Enable Datadog tracing

Problem: you want every MCP call traced in Datadog APM with mcp.* attributes. Spans should show up in the same dashboards your other services use.

Solution: point mcpgw at your Datadog Agent’s OTLP/HTTP receiver. The Agent forwards spans to Datadog over its existing pipe — no separate ingestion path.
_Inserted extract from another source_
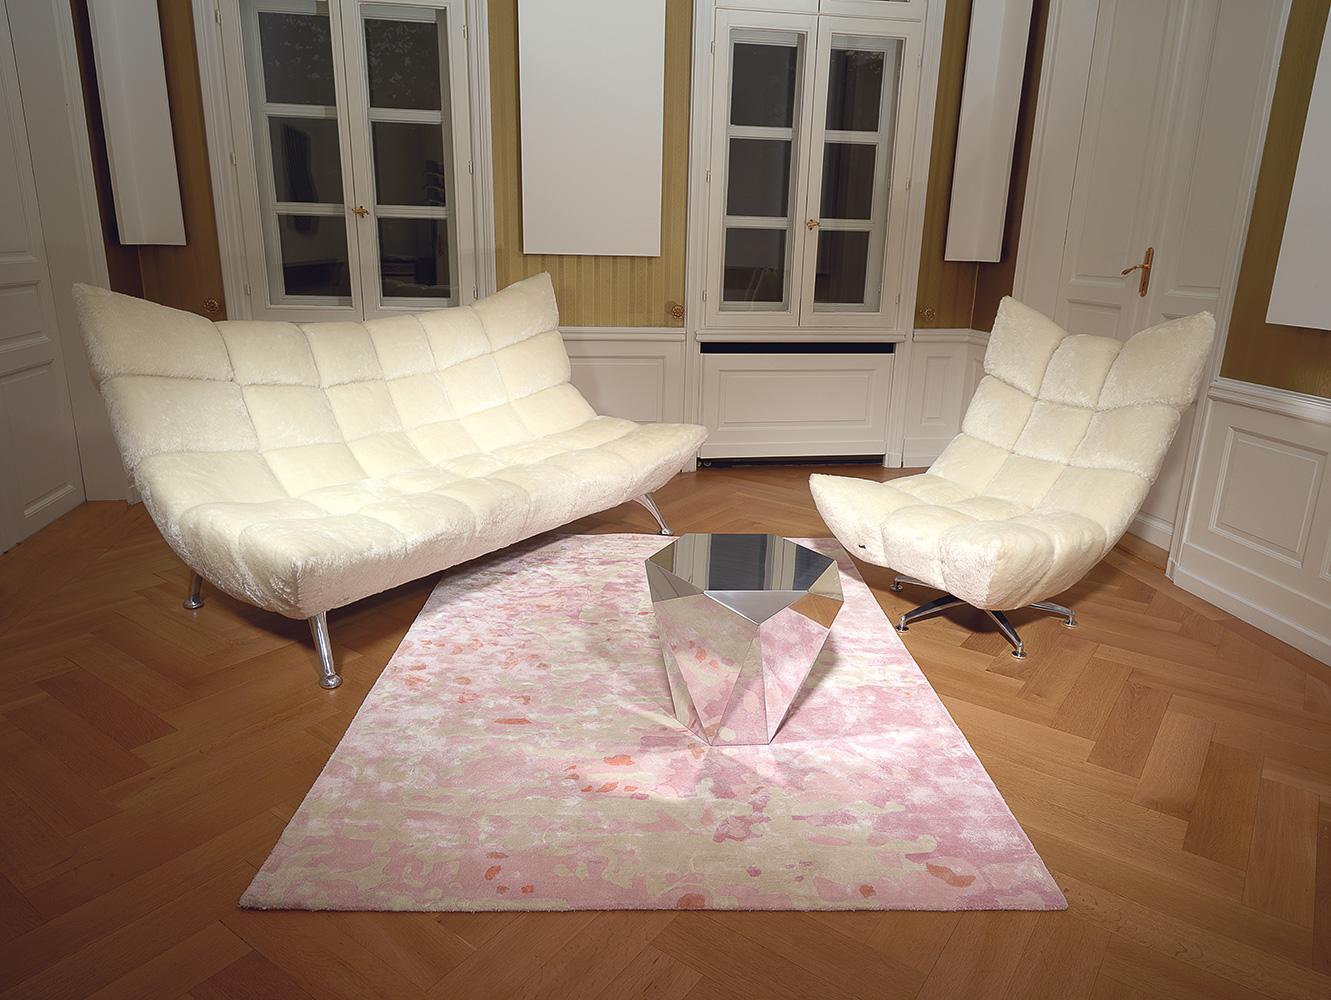 Helle Mohair Sitzgruppe mit Teppich in Pastelltönen #teppich #sessel #pastellfarbe #sofa #glascouchtisch #drehsessel #cremefarben #cremefarbenessofa ©Bretz, Design: Meera Rathai

On the Datadog Agent — enable OTLP/HTTP

In datadog.yaml:

otlp_config:
  receiver:
    protocols:
      http:
        endpoint: 0.0.0.0:4318

Or, with environment variables (Helm chart, container):

DD_OTLP_CONFIG_RECEIVER_PROTOCOLS_HTTP_ENDPOINT=0.0.0.0:4318

Restart the Agent. Confirm the receiver is up:

curl -s -o /dev/null -w "%{http_code}\n" -X POST http://<agent>:4318/v1/traces
# Expect 415 (the receiver is up but rejects an empty body) — anything else means mis-wired

On mcpgw — point at the receiver

telemetry:
  customer:
    enabled: true
    endpoint: http://datadog-agent:4318      # bare host:port — /v1/traces is appended
    service_name: mcpgw                       # appears in Datadog APM service list
    resource_attrs:                           # optional: arbitrary OTel resource attrs
      env: production
      version: v1.0.0
      team: platform

Restart the gateway (telemetry endpoint is not hot-reloadable). Within ~10 seconds of the next request, spans appear in Datadog APM under service mcpgw.

What the spans look like

Every JSON-RPC call produces one span:

  • Name: mcp.tools.call (or mcp.tools.list, mcp.resources.read, etc.)
  • Kind: SERVER (inbound)
  • Attributes: mcp.method, mcp.tool.name, mcp.session.id, mcp.transport, mcp.upstream, mcp.policy.decision, mcp.payload.bytes_in/out

Outbound calls to the upstream are recorded as CLIENT child spans, so you see end-to-end latency: client → gateway → upstream → gateway → client.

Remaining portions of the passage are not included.